Worship is the great equalizer. First, in that everyone is a worshipper. “(H)ere’s something else that’s weird but true: in the day-to day trenches of adult life, there is actually no such thing as atheism. There is no such thing as not worshipping. Everybody worships. The only choice we get is what to worship.” (David Foster Wallace)
But, second, and in particular, every Christian regardless of their occupation, title, or position is called to worship Jesus Christ. However, narrowing it down even further, this life of worship consists of/in acts of worship, not only individual private acts, but corporate public acts, specifically in the congregation of the saints, in the gathering and meeting together of believers (Psalm 22:22; 149:1; Ephesians 5:19; Hebrews 10:25).
These acts of worship are acts of humility. Whether in singing with your voice, clapping with your hands, raising your hands, or bending your knees, you do something that causes you to feel “lowly,” awkward, self-aware and uncomfortable. It is an “embarrassing” act—you are vulnerable, you are stripped of whatever dignity you perceive you have, you sound and look silly to yourself and to those around you who don’t (or do!) understand. These acts of worship are actions we don’t normally or naturally do. They are not only (at first) “out of our comfort zone,” but they are also “out of place” in our daily living, in that we don’t necessarily do these things at the grocery store or at the mall or at the dinner table. They have a particular (and to many a peculiar) context: usually a Sunday morning service, during a portion of that time set aside for worshipping in this way.
However, worship, whether in the first or second sense above, has both a spiritual effect through a bodily act and a bodily effect through a spiritual act. With time and “practice” this act takes in the whole man, and it becomes an act the whole man performs.
At one point in my life, I was one who most professed with words “in the congregation” to be spiritual, yet I was one who worshipped least “in the congregation” with my actions. I am not alone, I think. It seems that those of us who most profess with words to be spiritual, can tend to be those who worship least with our actions.

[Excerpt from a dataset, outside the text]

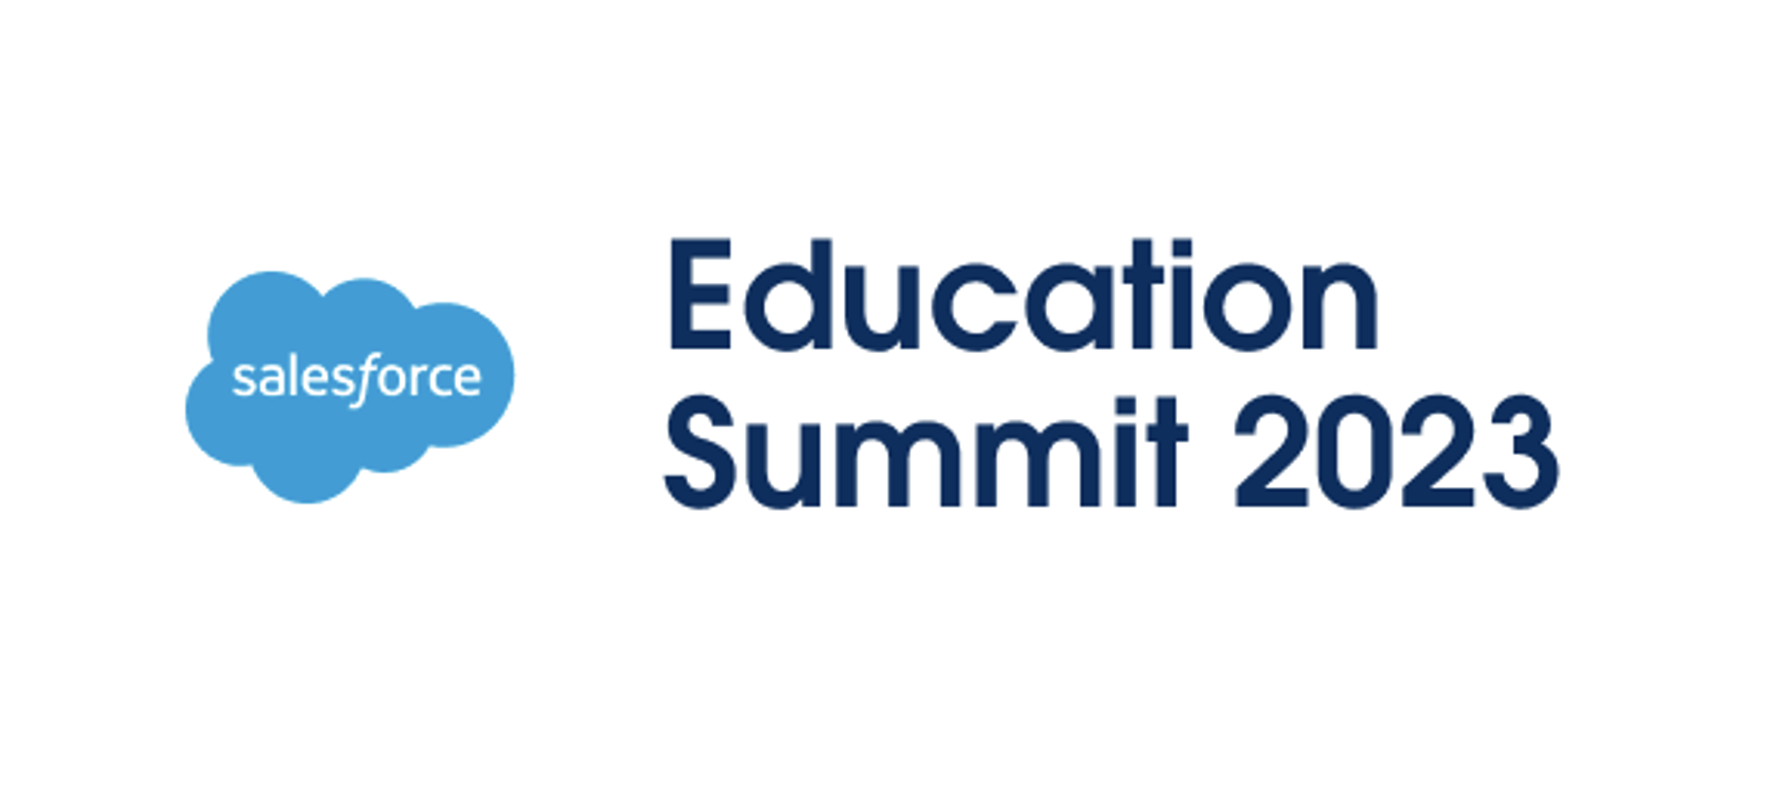 Salesforce Education Summit 2023 Liaison

But if the heart is not in worship, worship is not in the heart. A heart that is caught up in childlike wonder and freedom and self-forgetfulness will inevitably point to, tell of, invite, and attract others to the wonder they see and to the freedom they enjoy. It is not simply a matter of the intent of the heart in or to worship. It is also a matter of the sight and delight, or experience, of Christ in the heart that stirs worship.
No man can ever say, “I don’t want to worship”. Everyone worships. And truer still no Christian can ever say that, for they would be saying that God has neither done anything nor is anything deserving of their worship. But worship that is in “spirit and truth” (John 4:23) is a worship that is born from and grows by the Spirit of Jesus, the Holy Spirit, Who is the presence of Jesus in “the congregation,” as evidenced or manifested by that congregation’s praise and worship to God (Hebrews 2:12).
Worship is nothing if it is not the freed and freeing act and response of joy, thanksgiving, and love to a Glorious God and Wonderful Savior. Where the worshippers meet the One Of Worth, praise and worship are bound to rise.